# Pre-Stain Wood Conditioner substitutes



## RalphCompton

It is no longer possible to purchase Minwax Pre-Stain Wood Conditioner out here in California and it is too far to conveniently travel anywhere where it can be purchased. i.e. out of state.

So, Is there a substitute? I believe it to be a mineral spirits based liquid.

Thanks, Ralph


----------



## jmos

I have not used this, but many here have raved about how good it is. Here's a review of Charles Neil's blotch control. http://lumberjocks.com/reviews/1430

I can't speak to it's availability in CA.


----------



## Fuzzy

I use, and LOVE Charles Neil's product. Just watch his real time videos on the product, and you WILL be convinced.


----------



## BillWhite

I have not tried CN's product, but a 1 pound cut of shellac will certainly seal well. Use De-Waxed shellac.
I tried the MW stuff once. Never again.
Bill


----------



## ssnvet

I've had good luck staining pine by first applying General Finishes "Natural" which I'm pretty sure is nothing more than a dillute water based polyacrylic.

I apply water based stain over this and it absorbs evenly without blotching.
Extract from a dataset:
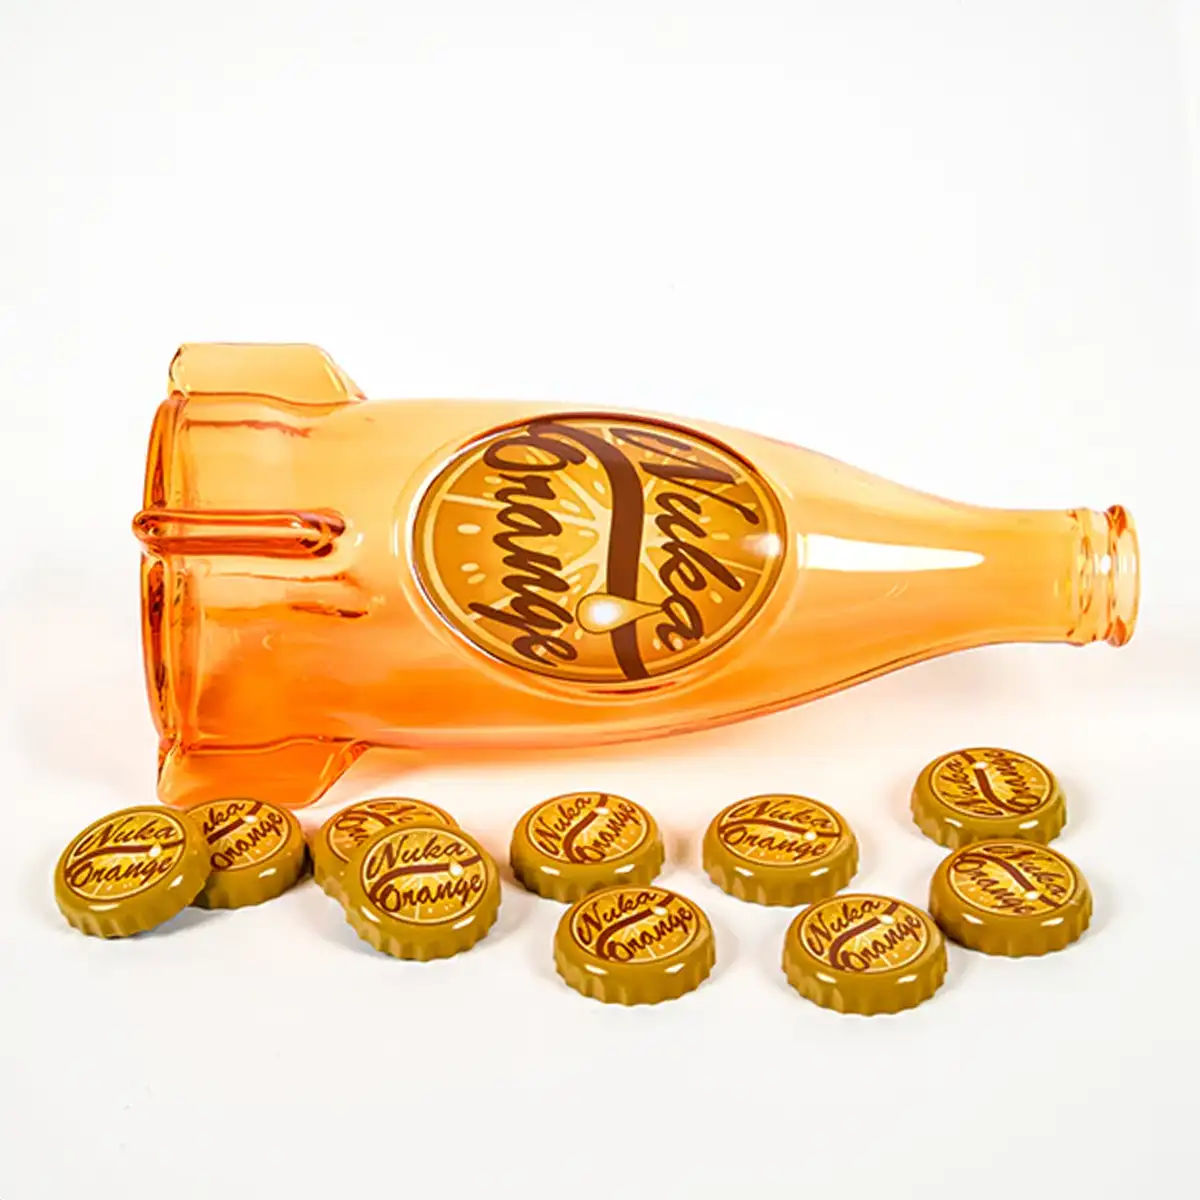 Fallout "Nuka Cola Orange" Glass Bottle and Caps Image 5

B4 discovering the GF Natrural, I tried Minwax Pre-Stain Wood Conditioner, and was not at all pleased with the results.


----------



## RogerM

I have had good luck with Zinser's Seal Coat diluted with three parts alcohol to one part Seal Coat. You can get Seal Coat at most big box stores
.


----------



## RalphCompton

when using shellac or Seal Coat do you need to lightly sand before staining?


----------



## Finn

A "milk thin" mixture of wallboard joint compound and water works also. Brush it on, let dry, sand off. One coat on most surfaces but about three on end grain.


----------



## Richforever

I sand to about 220 grit before sealing with 50/50 mixture of Zinsser SealCoat de-waxed shellac and denatured alcohol. After it dries, I lightly sand with 220 grit to just knock down any raised grain before staining.


----------



## pintodeluxe

I pre-condition with Zinsser Seal Coat mixed 2:3 with denatured alcohol. I only use it on cherry or wood prone to blotching.


----------



## BillWhite

Not only on cherry. Pine and maple too.
Didja get the shellac message? Try it. It works. Be sure to get the Seal Coat dewaxed, and thin it 1:1 (or close).
Bill


----------



## fboucher

One more vote for the Charles Niel Blotch Control, but mostly I have used Zinsser Seal Coat and a little denatured alcohol and it works great for maple and pine, I never stain my cherry unless the customer wants that and even then I try to talk them out of it. If you have a highly figured wood such as Curley Maple and really want to pop the grain and bring out the stripes, I use a few drops of transtint vintage maple dye mixed in with a cup of dewaxed shellac. Apply by wiping and let dry, sand with 220, then I apply GF arm-r-seal or varnish of your choice. Doesnt change the color of the wood much but does bring out the tiger stripes in that maple. Try it on a scrap piece some time if you have some curley maple.


----------



## RalphCompton

Thanks to all for the suggestions. Seems like I now need to do some experimenting.

Ralph


----------



## Canofworms

What about straight denatured alcohol?


----------



## RalphCompton

By the way, Min-Wax Pre-Conditioner now seems to be available and I stocked up!


----------



## Canofworms

Yes. Picked a cam of that


----------



## RussellAP

You can make your own with some elmers glue. 7-8 parts water 2-3 parts elmers white glue. Like the stuff the kids use in grade school. Keep it stirred up and it'll do the job just as well as any product you can buy.


----------



## RussellAP

As far as a one pound cut of shellac sealing wood, that really depends on the wood. I used a 2-3 lb cut to try and seal aromatic cedar for a epoxy coat and it failed to seal the pours even after two coats. 
Mixed it myself from flakes.


----------